Davanti alle commissioni Bilancio, il vice dg della banca centrale, Signorini, ha parlato di un possibile "incremento del 10% delle transazioni con le cards", derivanti dagli sconti previsti nella Web tax

Luigi Federico Signorini, vice direttore di Banca d'Italia

Luigi Federico Signorini, vice direttore di Banca d'Italia

Gli incentivi ai pagamenti elettronici potrebbero portare ad un incremento del 10% delle transazioni con le cards. E' quanto riferisce il vice direttore generale della Banca d'Italia, Luigi Federico Signorini, questa mattina in audizione sulla manovra davanti alle commissioni Bilancio riunite di Camera e Senato a Palazzo Madama.

I clienti sono sensibili agli incentivi monetari simili a quelli prefigurati dalla manovra (Luigi Federico Signorini, Banca d'Italia)

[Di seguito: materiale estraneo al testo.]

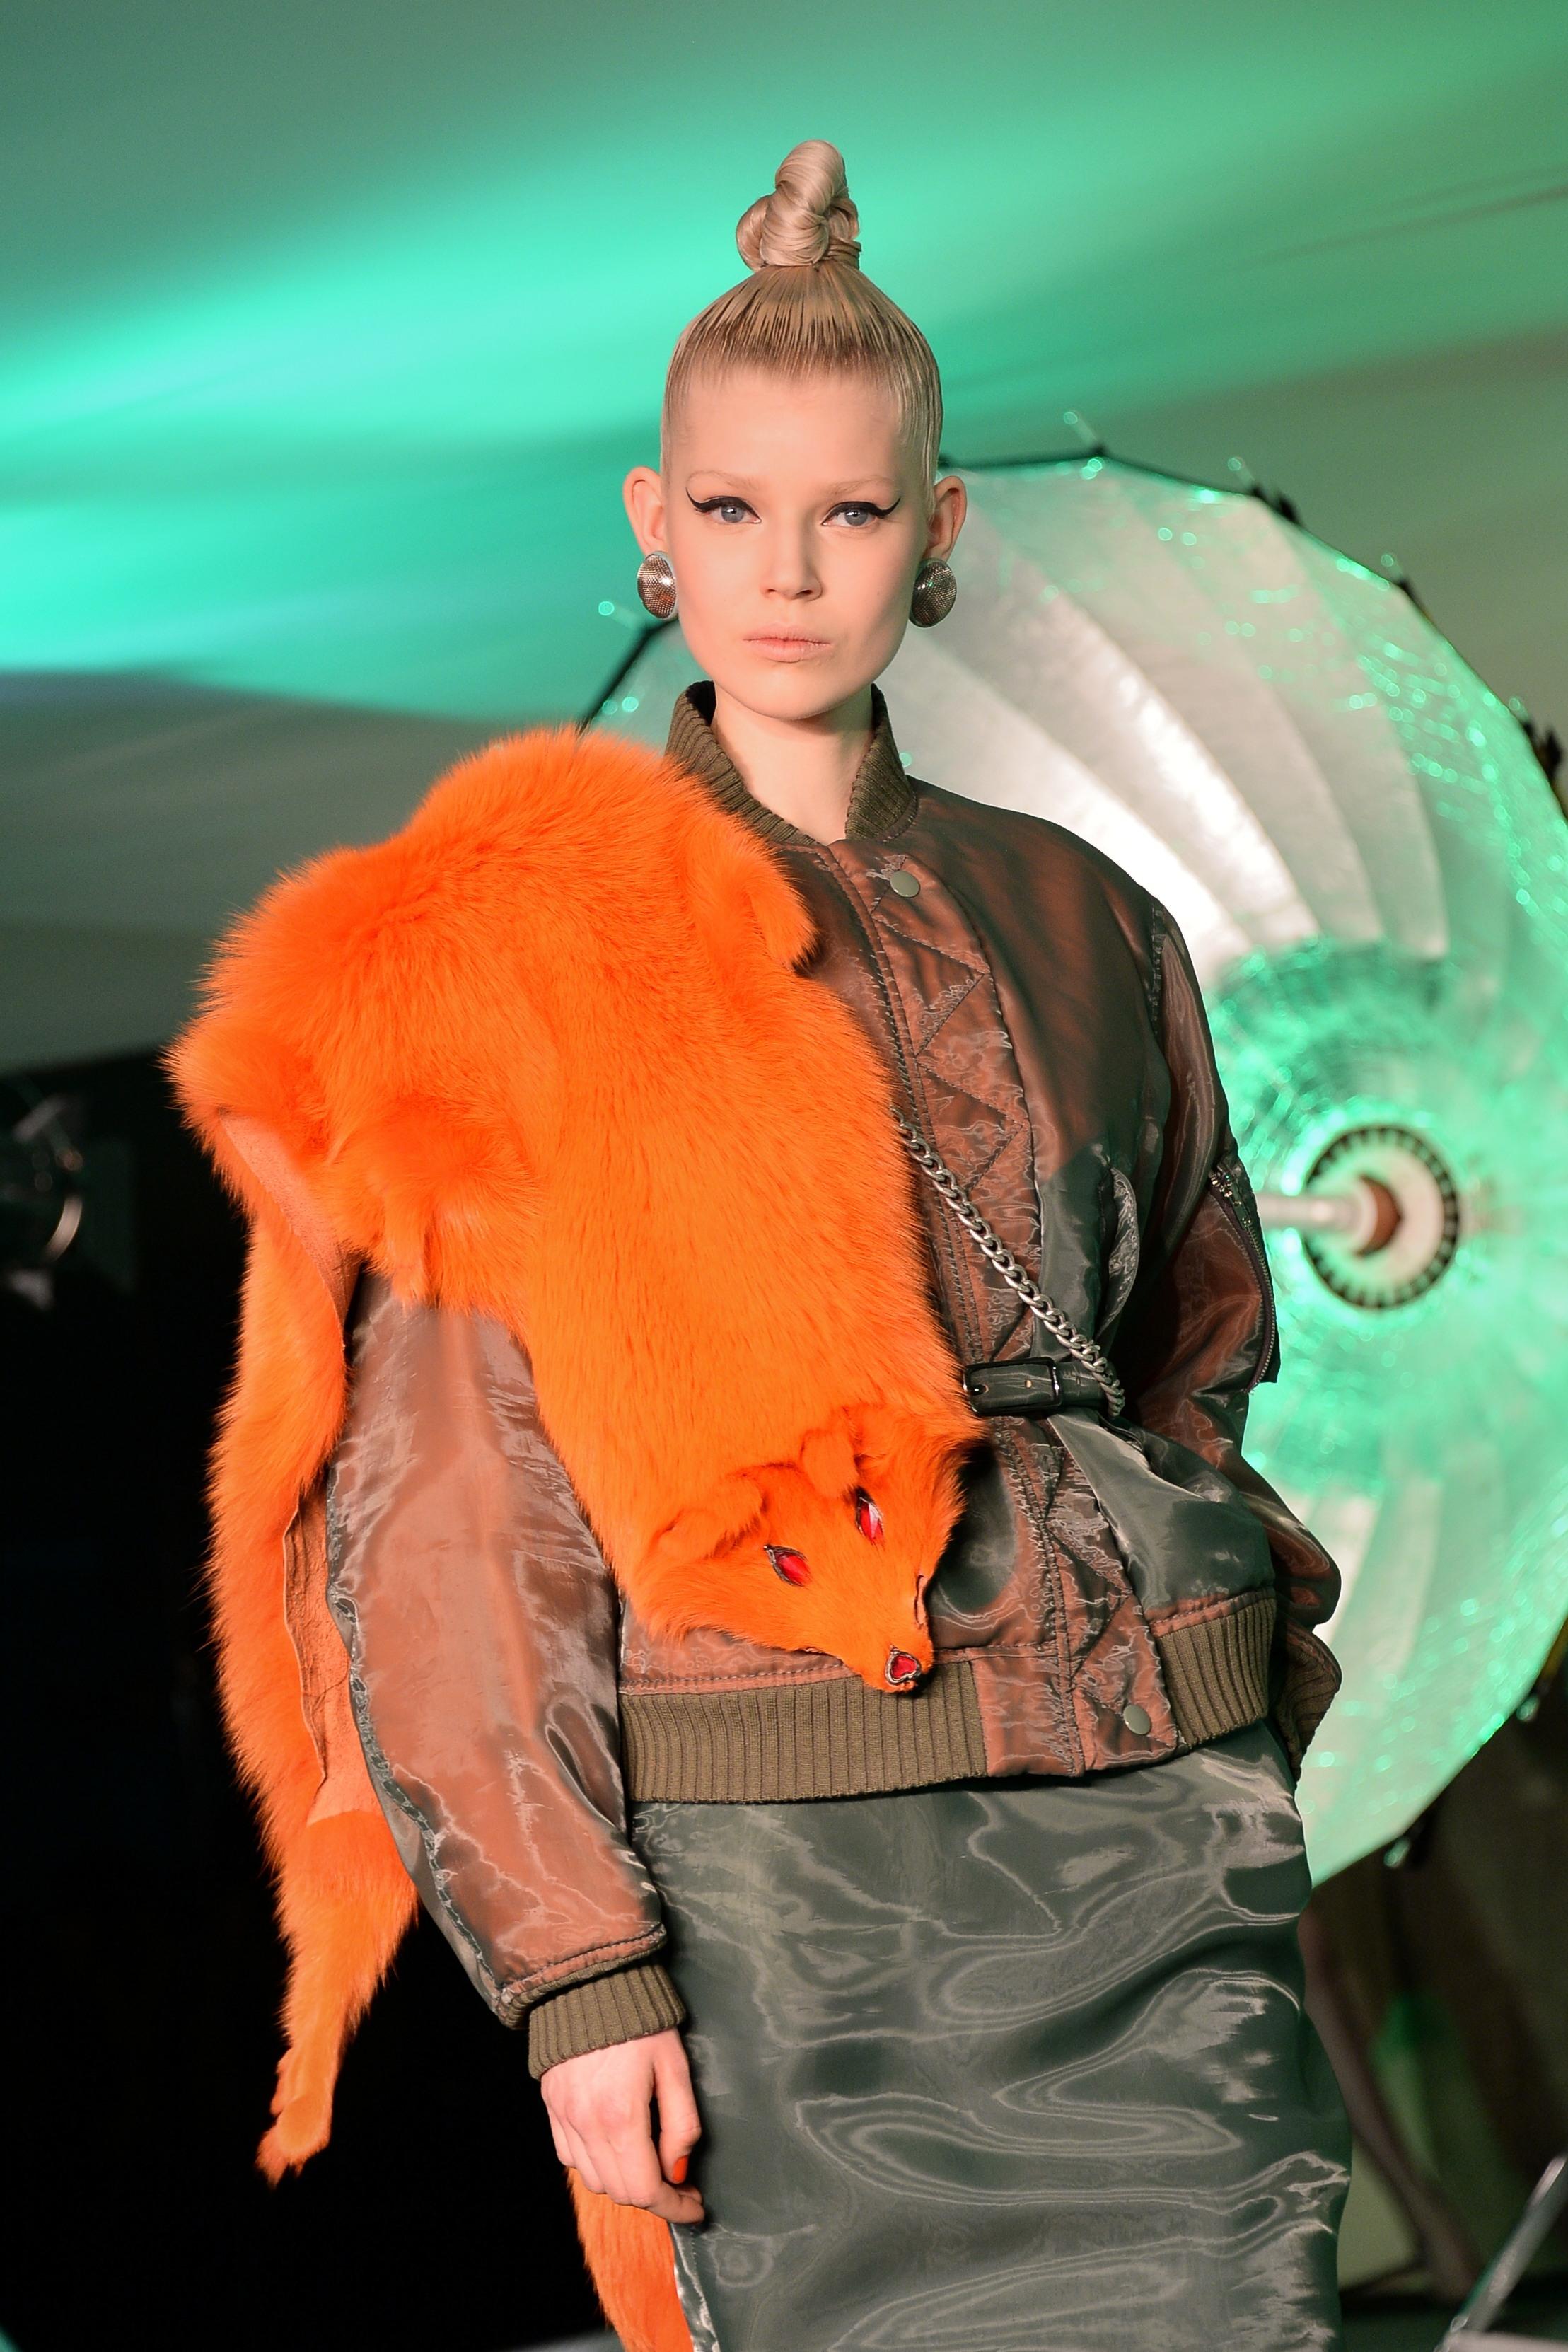 Paris Fashion Week - Jean-Paul Gaultier Runway

"Gli studi empirici disponibili suggeriscono che la propensione all'utilizzo della carta da parte del cliente è sensibile a incentivi monetari simili a quelli prefigurati dalla manovra (cash-back, premi, sconti, punti)", dice Signorini.

"Sulla base delle elasticità generalmente stimate, ci si può attendere, come effetto congiunto dei provvedimenti di incentivo previsti dal Governo, un aumento delle transazioni elettroniche dell'ordine del 10 per cento", aggiunge come riportato da Adnkronos.

Bankitalia ricorda che la manovra prevede un rimborso in denaro se si acquistano beni e servizi attraverso strumenti di pagamento elettronici e a tal fine istituisce "un fondo di entità piuttosto elevata (3 miliardi sia nel 2021 sia nel 2022)". Ma "l'incentivo funzionerà bene se si riuscirà ad attuarlo in modo semplice e chiaro, evitando qualsiasi appesantimento burocratico per le parti coinvolte".